At a later stage, two other parameters. *learning_rate* and *hidden_size* come into picture. These are the learning rate used by the SGD optimizer and the total neurons in the hidden layer of the two layer network.  

In [7]:
script_params = {
    '--data-folder': ds.as_mount()
}

pt_est = PyTorch(source_directory='./your_code',
                 script_params=script_params,
                 compute_target=compute_target,
                 entry_script='2layerfcnet.py',
                 use_gpu=True)

### Submit the Experiment

With the initialization of the estimator, we are all set to run the experiment at hand.
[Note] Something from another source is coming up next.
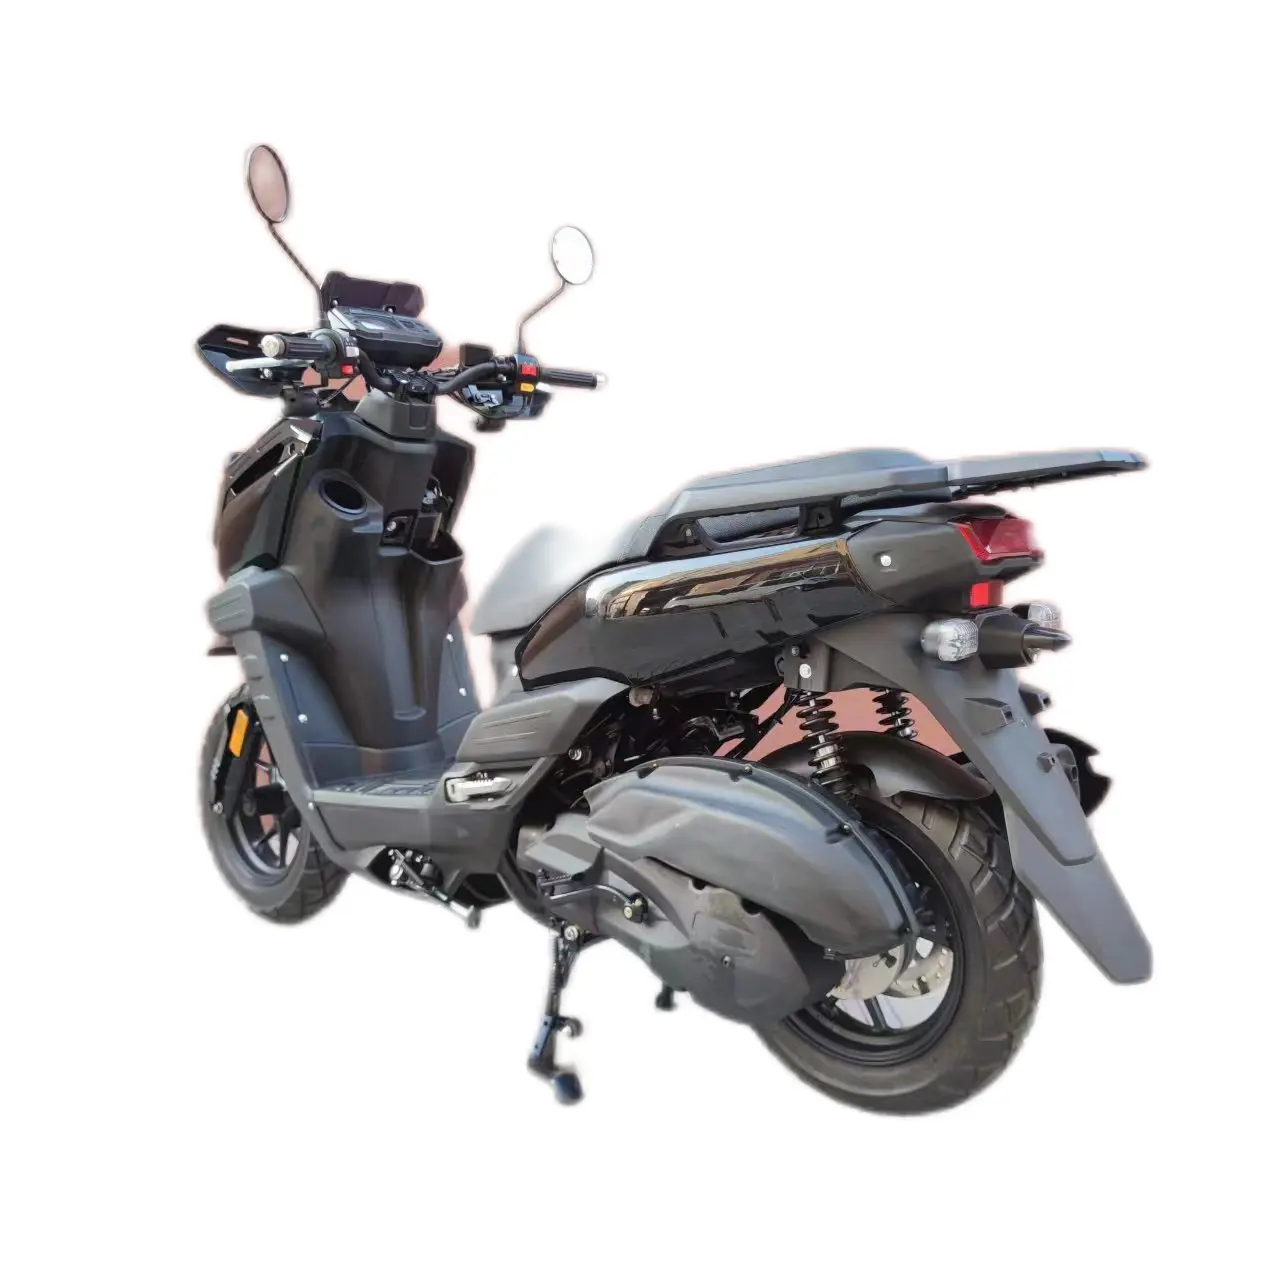 Sepeda motor Gas 150cc murah olahraga Cina bensin sepeda motor sepeda motor skuter 150cc

We submit the same with the estimator created in the previous step. 

This starts off the sequence of events at the end of which we have a model with some results to show. We can close everything off and depending on the complexity of the model go for a jog or decide to call it a day. It takes ~10 mins for the behind-the-curtains setup to complete after which we have our task up and running.

In [11]:
run = exp.submit(pt_est)

### Visualizing the submission

However, we also have the option to track what is happening during the course of the experiment. To do that, we again import some libraries and with the submitted experiment's name, we extract its details using the below command - 

In [None]:
from azureml.widgets import RunDetails
RunDetails(run).show()

We get the snapshot as shown here once the training is completed. While the training is being done, one can check the status of the *run* as well. All the updates related to the process happening are displayed here. Alternatively, one can check the portal to view the metrics that have been logged during the training. More steps on how to log parameters are available here - https://docs.microsoft.com/en-us/azure/machine-learning/service/how-to-track-experiments

![Screenshot%20from%202019-04-13%2014-57-50.png](img/Screenshot%20from%202019-04-13%2014-57-50.png)
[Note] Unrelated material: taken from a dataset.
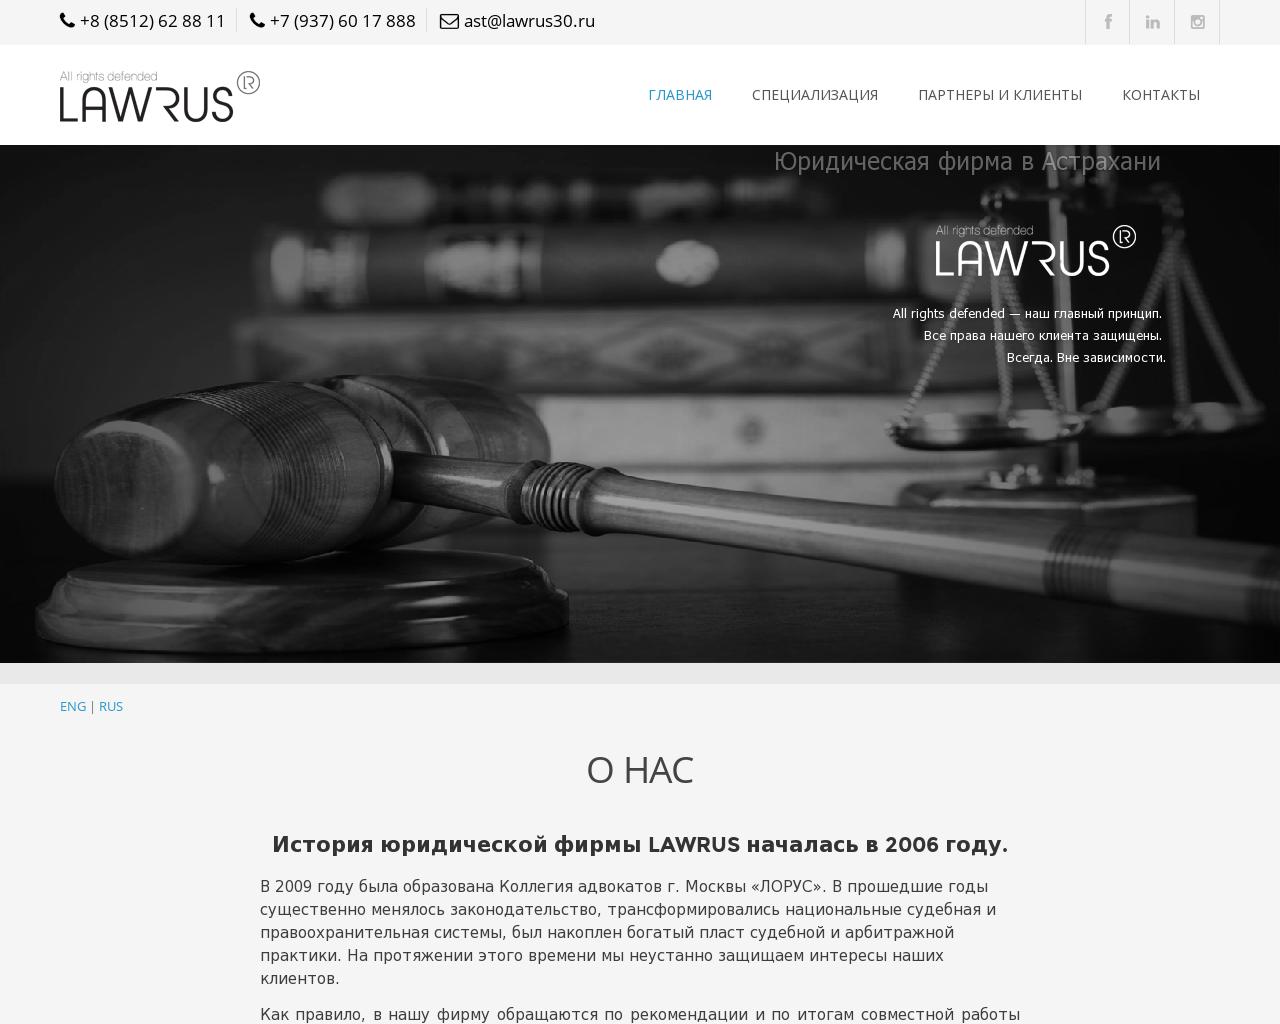 Изображение сайта юрист-услуги.рф в разрешении 1280x1024

## Moving forward - Automated Hyperparameter search <a class="anchor" id="hyper"></a>

Our basic model consisting of fully connected layers achieves an accuracy of ~42%. However, is that the best that can be achieved with this model? Hmmmm.....

In the training script, we fixed the learning rate arbitrarily. We could instead choose to explore the effect of changing this hyperparameter to our accuracy. 
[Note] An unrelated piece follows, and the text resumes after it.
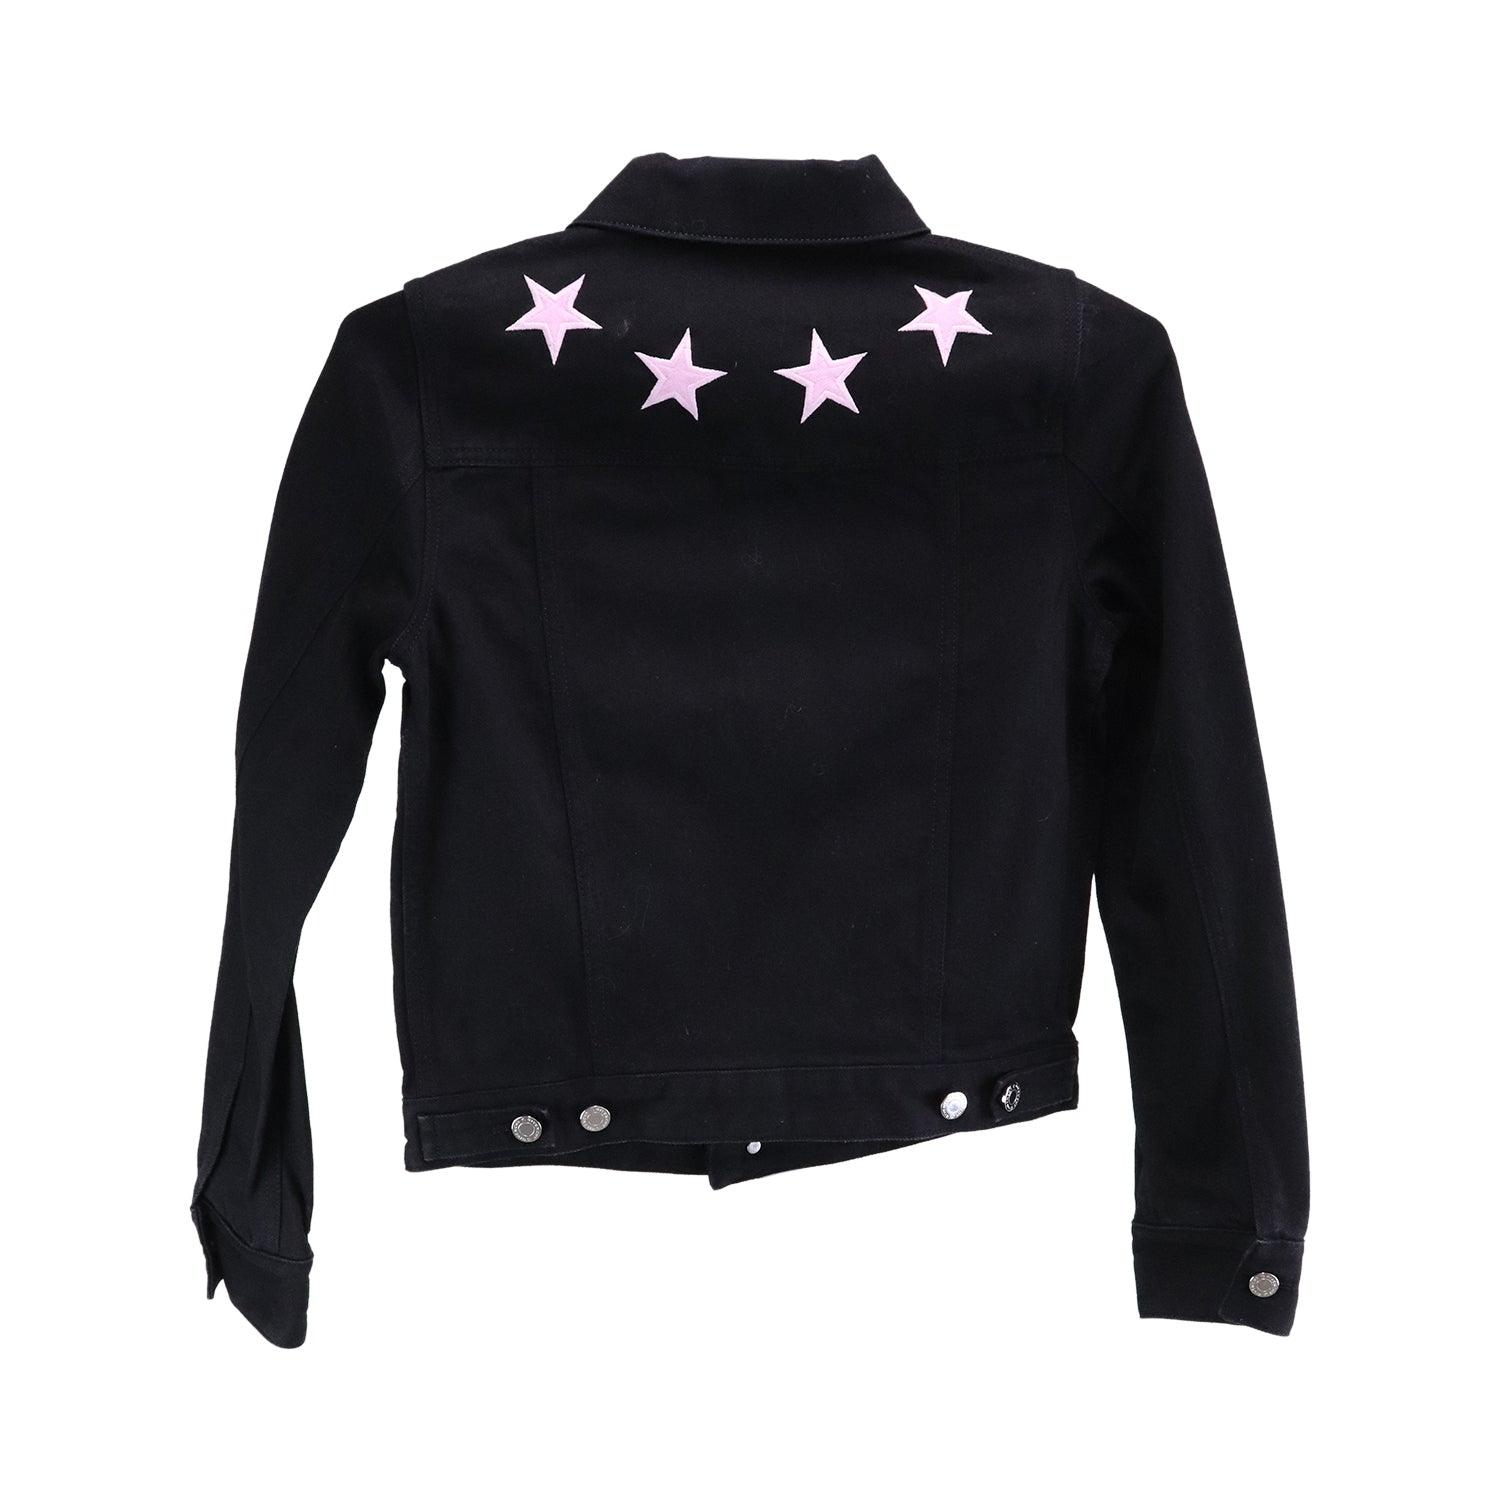 Givenchy Denim Jacket - Women's 36 - Fashionably Yours

We can use the neat hyperparameter search feature provided along with the Azure platform to perform this sub-task. The main advantage of doing this is that we can run several training jobs parallely to select the best hyperparameter for the dataset. We will provide the bounds over which this search takes place along with the parameter sampling policy. 

In the current tutorial, we perform random sampling from a uniform distribution over the min and max values for the learning rate. The required classes are imported from the azureml.train.hyperdrive library and initialized accordingly. Here, uniform is the uniform distribution over the range that has been specified as its arguments. We use the RandomParameterSampling class to initialize the sampling strategy.

In [8]:
from azureml.train.hyperdrive import RandomParameterSampling,normal,uniform,choice
param_sampling = RandomParameterSampling( {
                    "learning_rate": uniform(0.0001, 0.1),
}
)

### Configuring the hyperparameter sweep

Azure platform will run several parallel jobs for the purpose of extracing the most suitable hyperparameters. We can speed this up by terminating some runs which perform poorly. This helps free up resources where waiting jobs can be run. This in turn reduces the time taken to get the best *learning_rate* parameter. 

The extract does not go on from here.